GERMANY-MANUFACTURING-EARNINGS-SIEMENS

Siemens pins hopes on rail as manufacturing gloom hits home

FRANKFURT AM MAIN, Aug 1, 2019 (BSS/AFP) – German industrial conglomerate
Siemens reported Thursday falling profits in its third quarter across most of
its sprawling operations as manufacturers worldwide suffered, but said it
could still reach full-year targets.

Net profit fell six percent year-on-year between April and June, to 1.1
billion euros ($1.2 billion).

But revenues at Siemens, which makes products from wind turbines to trains
and medical scanners, edged up two percent, to 21.3 billion euros, when
adjusted for the effects of its restructuring and exchange rates.

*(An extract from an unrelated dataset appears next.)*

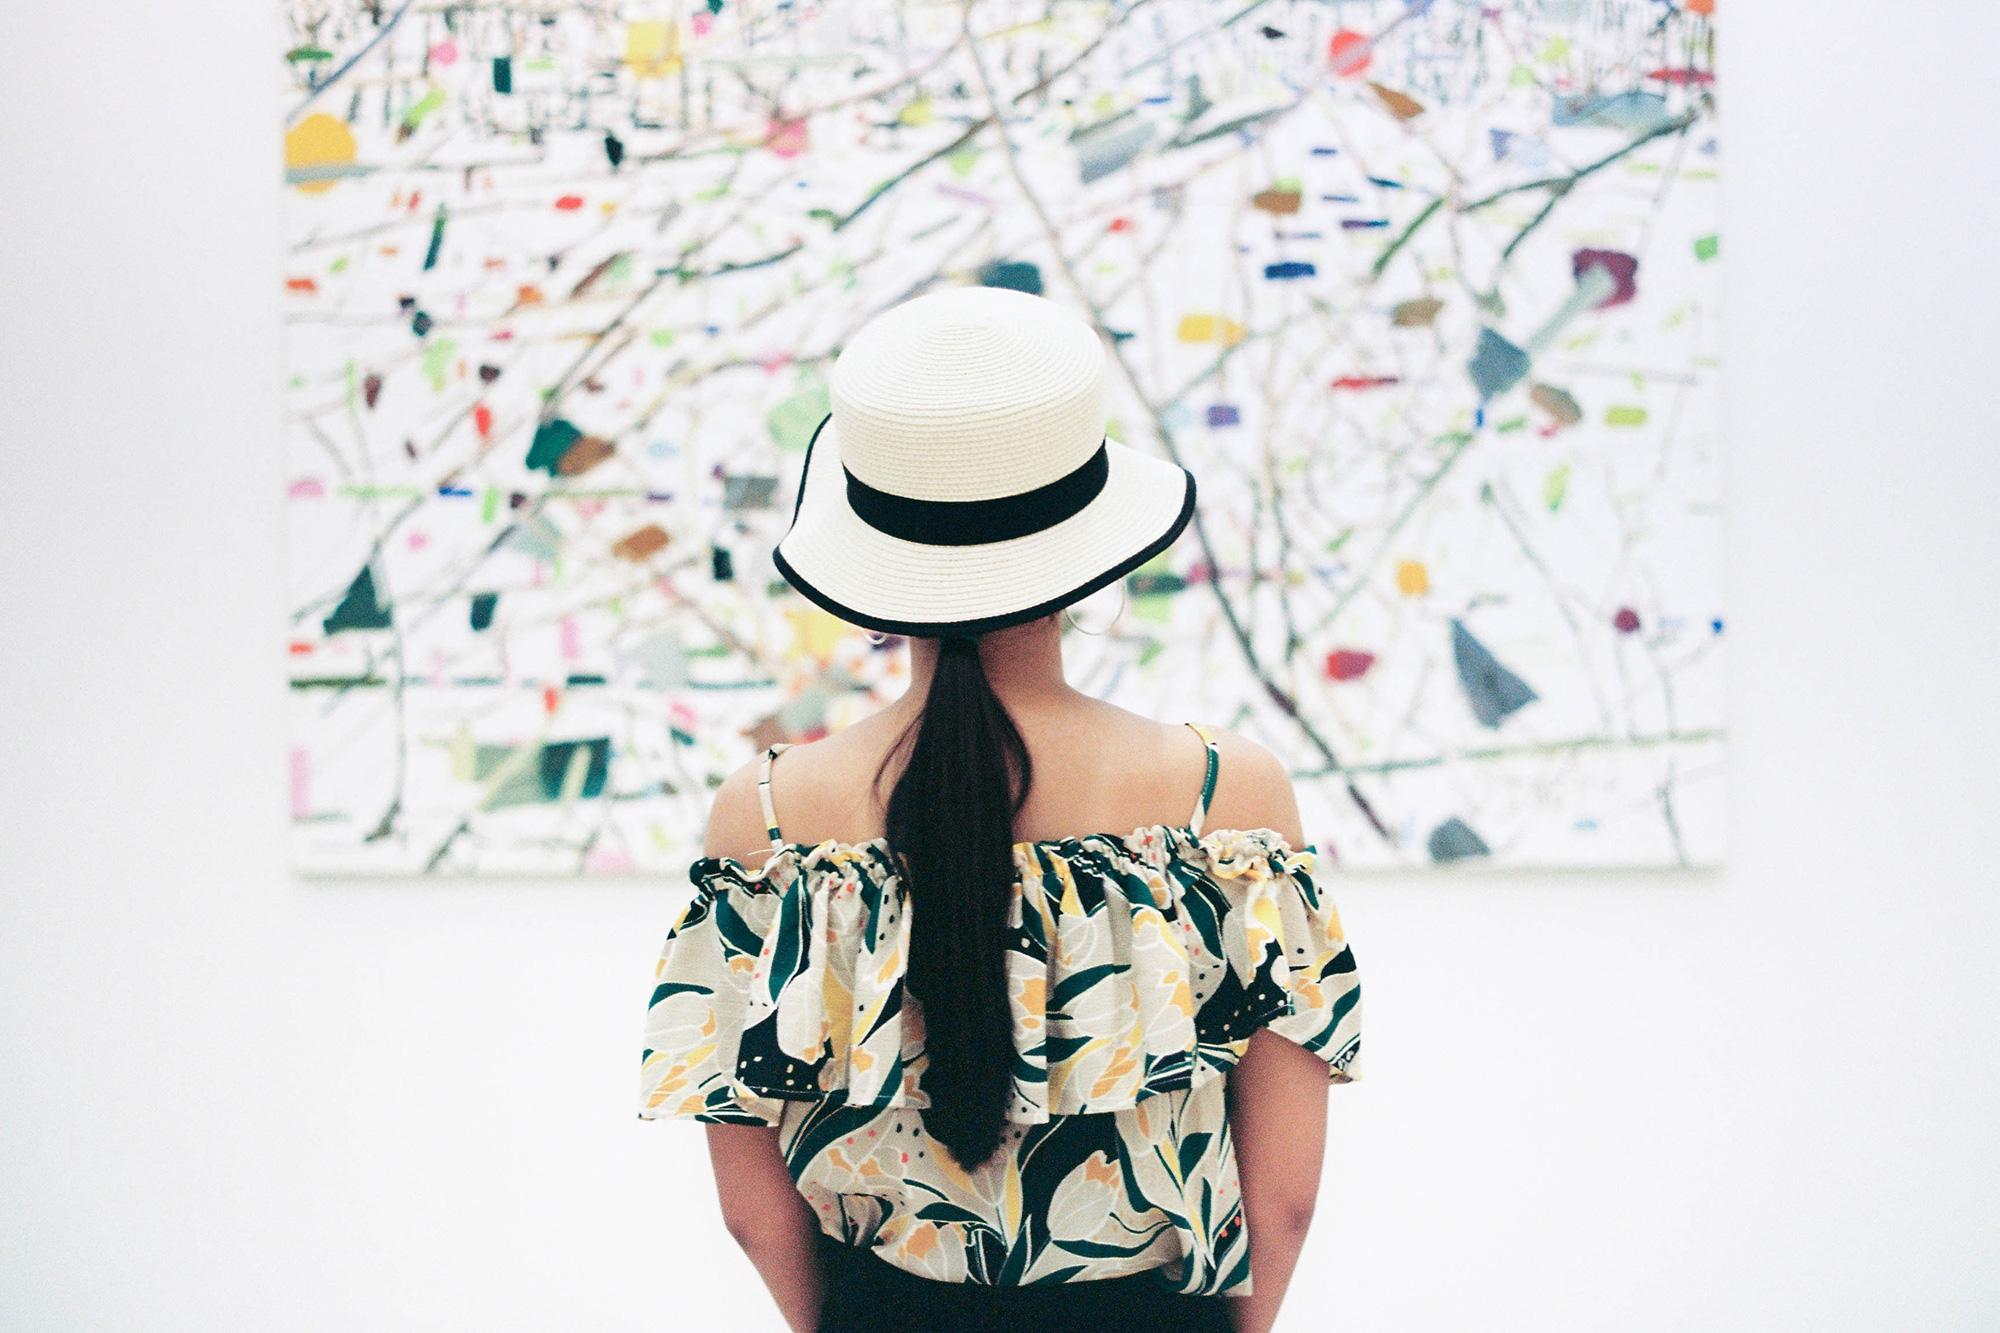 art-and-mindfulness.jpg

“As indicated already quite some time ago, geopolitics and geoeconomics
are harming an otherwise positive investment sentiment,” chief executive Joe
Kaeser said.

Germany’s mighty industrial sector is suffering a slowdown as uncertainty
over the US-China trade conflict, the risk of a no-deal Brexit and emerging
market volatility weigh on demand.

Manufacturers of goods like cars, auto components and machine tools have
all suffered the effects.

But Kaeser added that a third-quarter bright spot, rail manufacturing, as
well as “stringent project execution” would help Siemens stay on track for
the end of its financial year in September.

Across the group’s divisions, its “digital industries” unit, which offers
factory automation equipment and software, saw operating profit tumble 27
percent.

Meanwhile, the operating result at its power and gas unit, which makes
turbines for gas-fired power stations, dropped by 37 percent.

In June, the Munich-based group announced that job cuts at the division
would mount to more than 8,000 over the coming years “to reduce costs and
adjust to the declining numbers of major projects”.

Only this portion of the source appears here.